Conclusion: The ML model integrating IL-33, CRP, and lymphocyte subset counts shows good discriminatory ability for RPL, providing a preliminary reference for identifying high-risk women in clinical practice.

Keywords: recurrent pregnancy loss, machine learning, XGBoost, interleukin-33, C-reactive protein, lymphocyte subsets

Introduction

Recurrent pregnancy loss (RPL) is a common and challenging reproductive disorder, defined by the European Society of Human Reproduction and Embryology (ESHRE) as two or more consecutive spontaneous miscarriages prior to 20 weeks of gestation.^1,2 With a global incidence of approximately 2–5% among reproductive-age women, RPL not only causes physical harm to patients but also leads to severe psychological distress, including anxiety, depression, and reduced quality of life.^3–6 Despite extensive research, the etiology of RPL remains unclear in up to 50% of cases, with known contributors including chromosomal abnormalities, uterine anatomical defects, endocrine disorders, immune dysfunction, and environmental factors.⁷

Immunological imbalance is recognized as a key pathological mechanism underlying idiopathic RPL.⁸ The maternal immune system must establish a state of immune tolerance to the semi-allogeneic fetus to maintain normal pregnancy.^9,10 Disruption of this tolerance can trigger fetal rejection and miscarriage. Interleukin-33 (IL-33), a member of the IL-1 cytokine family, is involved in regulating type 2 immune responses and promoting the differentiation of regulatory T cells (Tregs), which play a critical role in maternal-fetal immune tolerance.^11–13 Reduced serum IL-33 levels have been associated with impaired immune tolerance and increased risk of RPL in preliminary studies.

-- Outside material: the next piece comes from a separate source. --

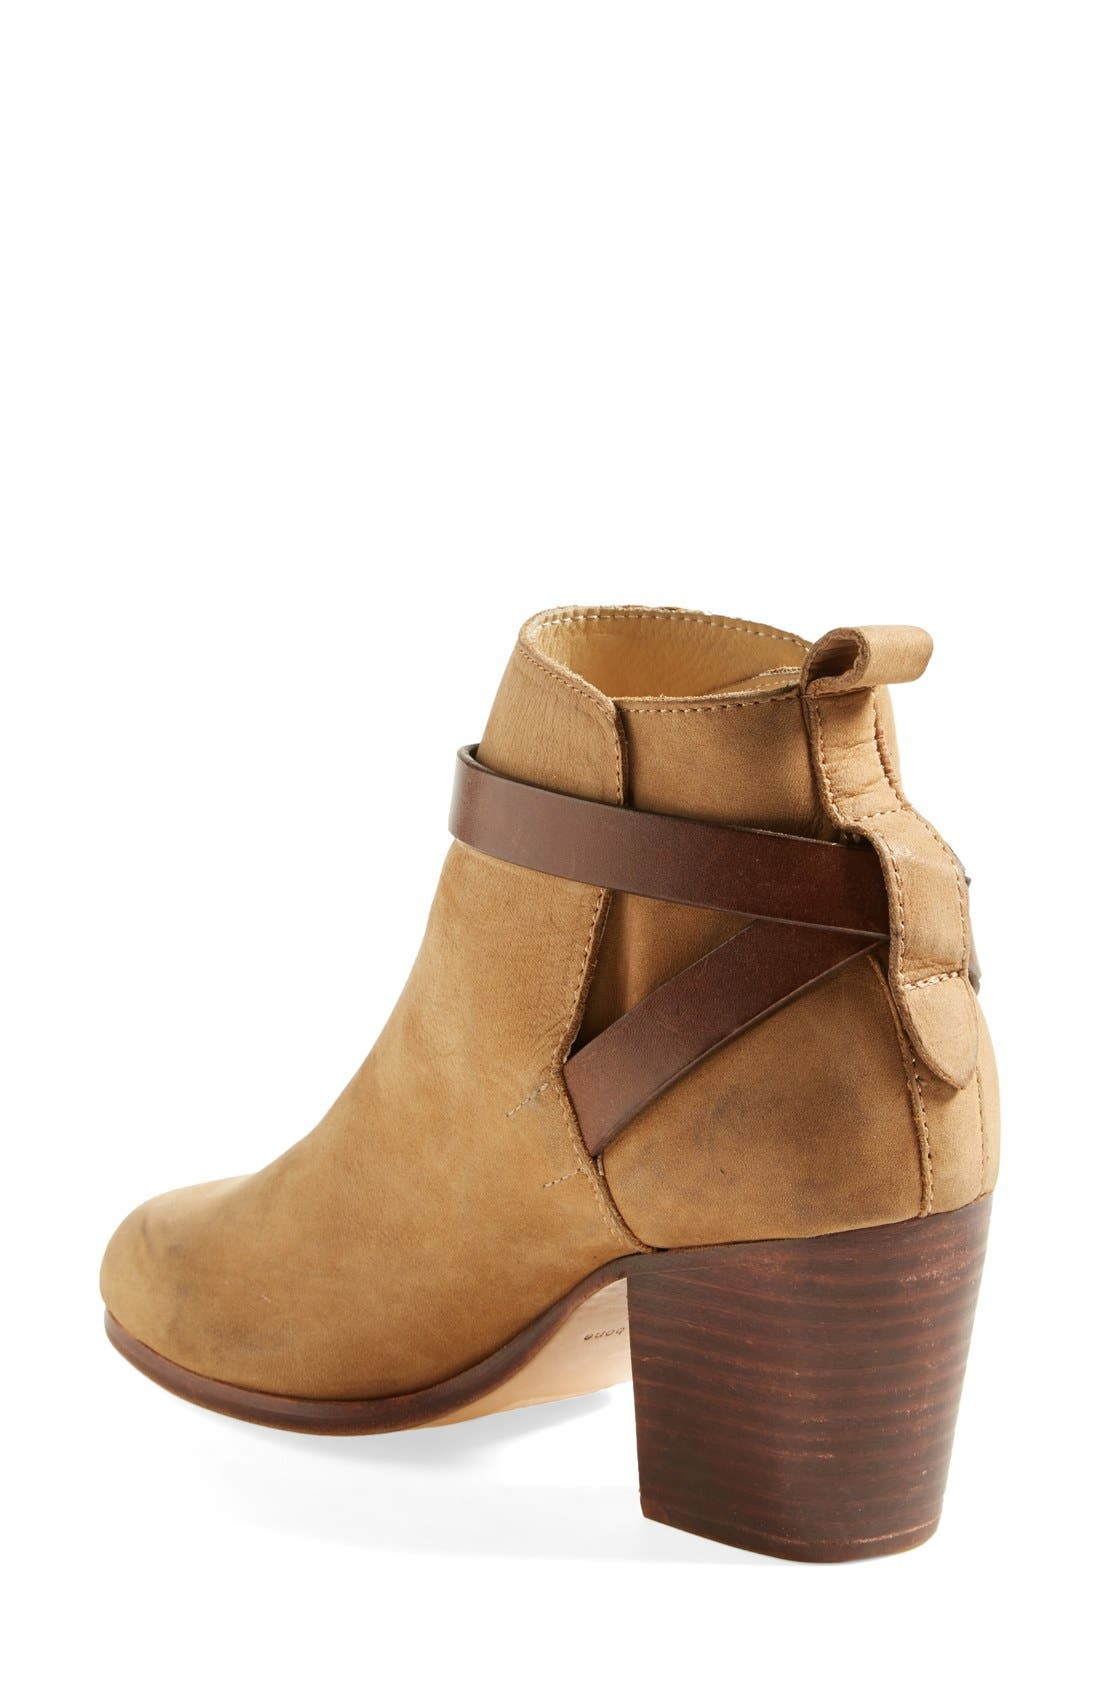 Alternate Image 2  - rag & bone 'Dalton' Boot (Women)

C-reactive protein (CRP), a classic acute-phase inflammatory marker, reflects systemic inflammation.^14,15 Elevated CRP levels indicate chronic low-grade inflammation, which can disrupt endometrial receptivity and placental development, thereby increasing miscarriage risk.^16,17 Lymphocyte subsets, including T cells (CD3+, CD4+, CD8+), NK cells, and the CD4+/CD8+ ratio, are core indicators of cellular immune function. Abnormal lymphocyte subset distribution such as elevated NK cell proportion and reduced CD4+/CD8+ ratio is closely linked to RPL.^18,19

Traditional statistical methods for RPL prediction often fail to capture complex non-linear relationships between multiple biomarkers and clinical outcomes. Machine learning (ML), a subset of artificial intelligence, can handle high-dimensional data and identify hidden patterns, making it increasingly popular in clinical predictive modeling.^20,21 However, few studies have integrated IL-33, CRP, and lymphocyte subset counts to construct an ML-based RPL prediction model.

This retrospective study aimed to compare the differences in serum IL-33, CRP, and lymphocyte subset counts between RPL and non-RPL patients, develop an ML model for RPL prediction using these biomarkers and baseline clinical characteristics, and validate the performance of the model to provide a clinical tool for early risk stratification of RPL.

Materials and Methods

Study Population

This retrospective cohort study enrolled 340 reproductive-age women (18–45 years old) who attended the Department of Obstetrics and Gynecology at XiDian Group Hospital and the Department of Gynecology at Xi’an Traditional Chinese Medicine Hospital from January 2020 to December 2024. The inclusion criteria were women planning pregnancy or in the first trimester (≤12 weeks) of pregnancy, complete clinical records including baseline characteristics and laboratory test results of IL-33, CRP, and lymphocyte subsets, and no history of assisted reproductive technology (ART) treatment.²² The exclusion criteria were ectopic pregnancy or molar pregnancy, uterine anatomical abnormalities such as uterine septum and submucosal fibroids, chromosomal abnormalities in the couple, acute or chronic infections such as toxoplasmosis, cytomegalovirus, and syphilis, autoimmune diseases such as systemic lupus erythematosus and antiphospholipid syndrome, severe endocrine disorders such as uncontrolled diabetes mellitus and hyperthyroidism, alcohol or drug abuse, and incomplete clinical or laboratory data. Patient enrollment and the construction of the predictive model are detailed in Figure 1.

Figure 1 Workflow of a Machine Learning-Based Retrospective Cohort Study for Recurrent Pregnancy Loss Prediction.

This study complied with the Declaration of Helsinki (2024 revision). The protocol was approved by the Ethics Committee of XiDian Group Hospital (XDJGH-2019-IRB-037) and Xi’an Traditional Chinese Medicine Hospital (XATCMH-2019-IRB-012). Informed consent was waived due to the retrospective nature of the study and the use of de-identified data.

Selection Criteria for Variables

The primary outcome was the diagnosis of RPL, defined as two or more consecutive spontaneous miscarriages confirmed by transvaginal ultrasound and clinical follow-up. The follow-up duration was up to 20 weeks of gestation. Predictor variables were divided into two categories: baseline clinical characteristics and laboratory biomarkers. Baseline clinical characteristics included age (years), body mass index (BMI, kg/m²), gravidity (number of pregnancies), parity (number of live births), number of previous miscarriages, smoking status (yes/no), alcohol consumption (yes/no), history of thyroid disease (yes/no), and history of polycystic ovary syndrome (PCOS, yes/no).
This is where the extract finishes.